I haven't checked through the entire code yet to ensure there aren't any problems with writing past array bounds, but one thing did stand out to me. Your creation contructor looks suspicious:

template<class T> Matrix<T>::Matrix<T>(const UINT32& m, const UINT32& n)
{
// TO DO: exception handling
reallocate(m, n);
}


Calling reallocate() invokes free() which dereferences this and checks the value of element. First of all it is not guaranteed that element will be set to 0 at this point, so it is possible that the check will pass and you will attempt to delete [] some random piece of memory. This is clearly a bad thing. Secondly, calling functions that dereference this in the constructor is dangerous if you start using inheritance.
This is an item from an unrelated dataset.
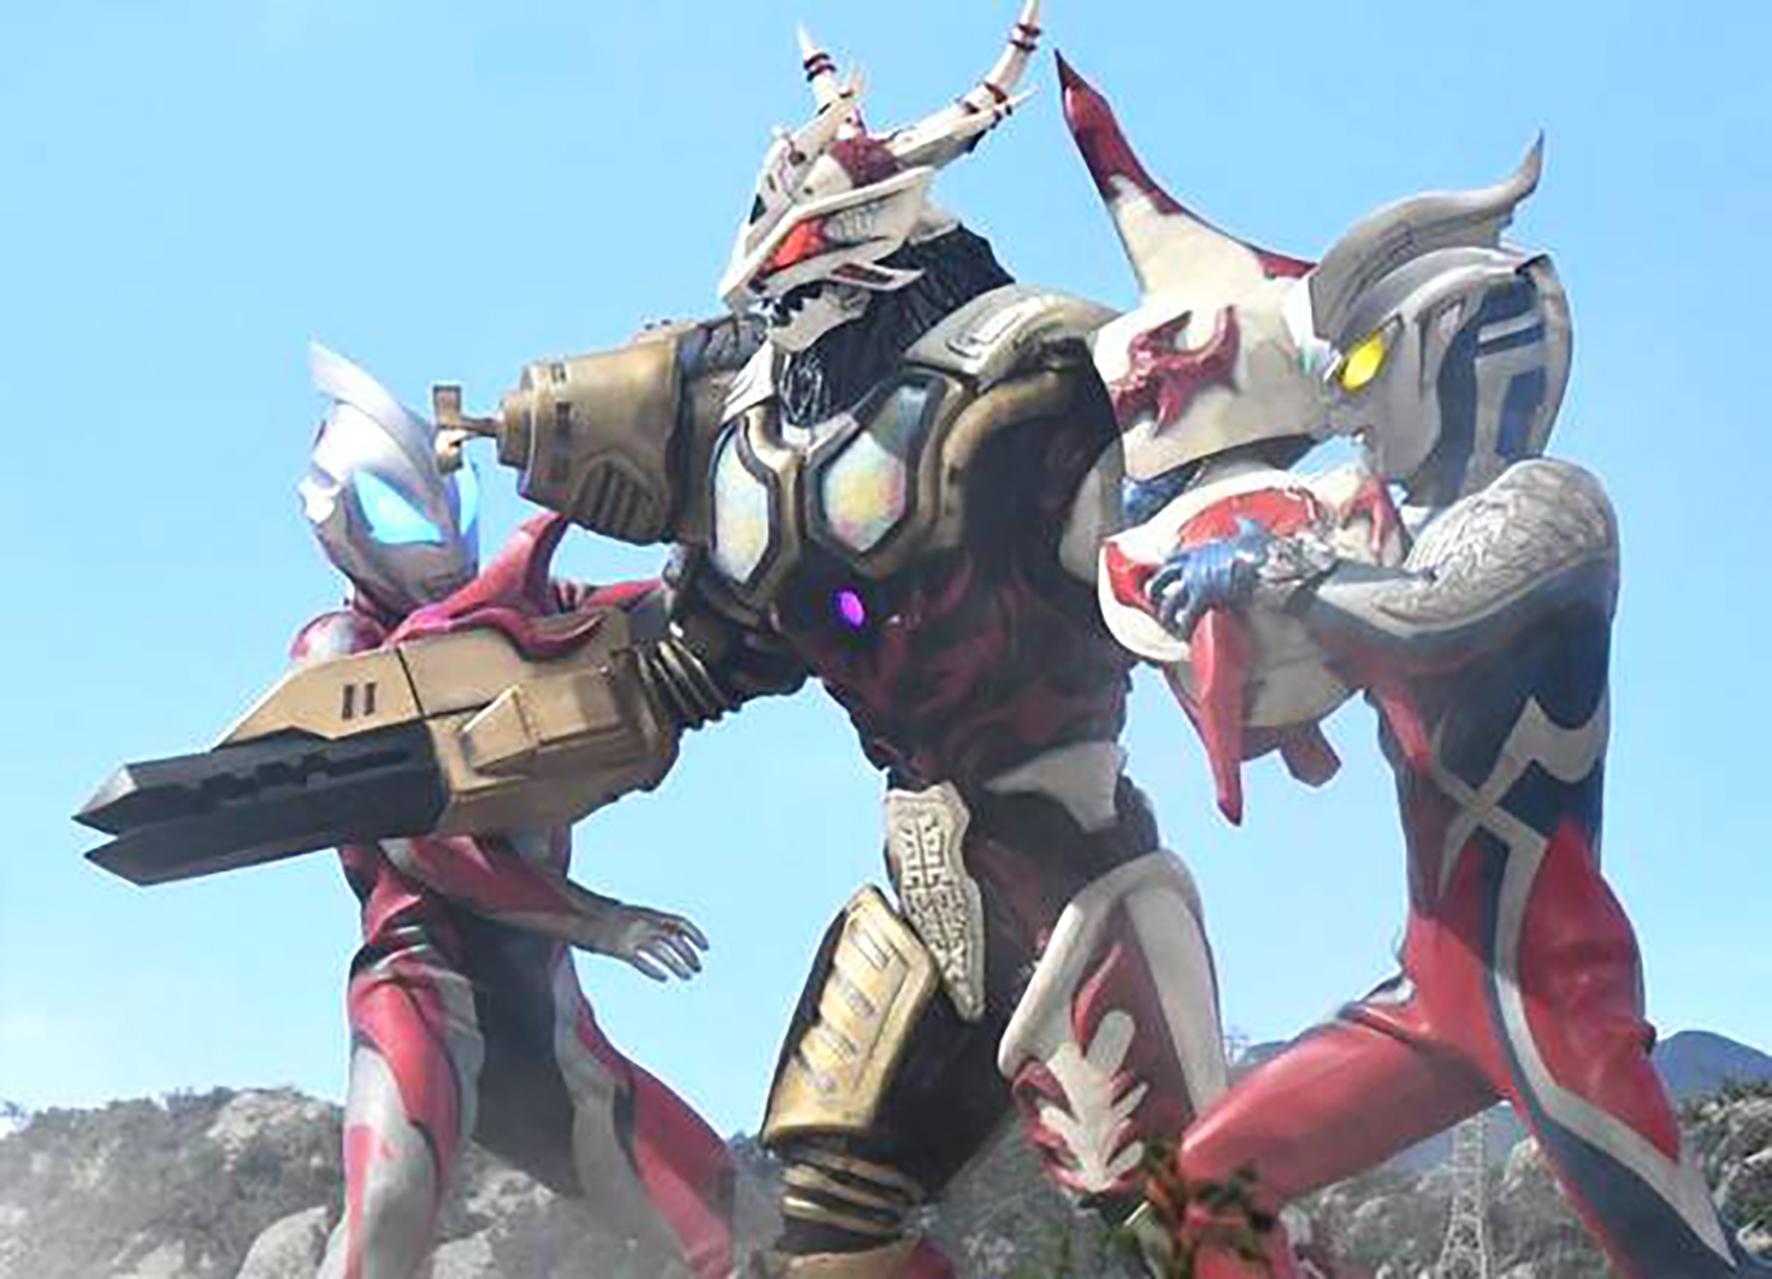 无限之主角天敌5200_三大人气怪兽的至高形态,不要以为就你们奥特曼有皮肤

In your particular case you should be fine, but it's a habit that I'd personally recommend not getting into for as long as possible, as it can make life miserable if you subclass something down the road and forget to adjust things accordingly. See this FAQ for more details.

IMHO it makes absolutely no sense whatsoever to call reallocate in the constructor - even if the issue with the randomly-initialized element pointer is ignored, the logical choice is to allocate here. Changing to allocate will band-aid the code and fix the problem with reallocate() releasing a bogus pointer during construction, but it'd also be a good idea to initialize the pointer for certainty, especially if you plan to introduce exception handling.


template<class T> Matrix<T>::Matrix<T>(const UINT32& m, const UINT32& n)
: element(0)
{
// TO DO: exception handling
allocate(m, n);
}



Optionally you can also initialize m and n here, but this doesn't seem to have any apparent benefit in code usability or safety.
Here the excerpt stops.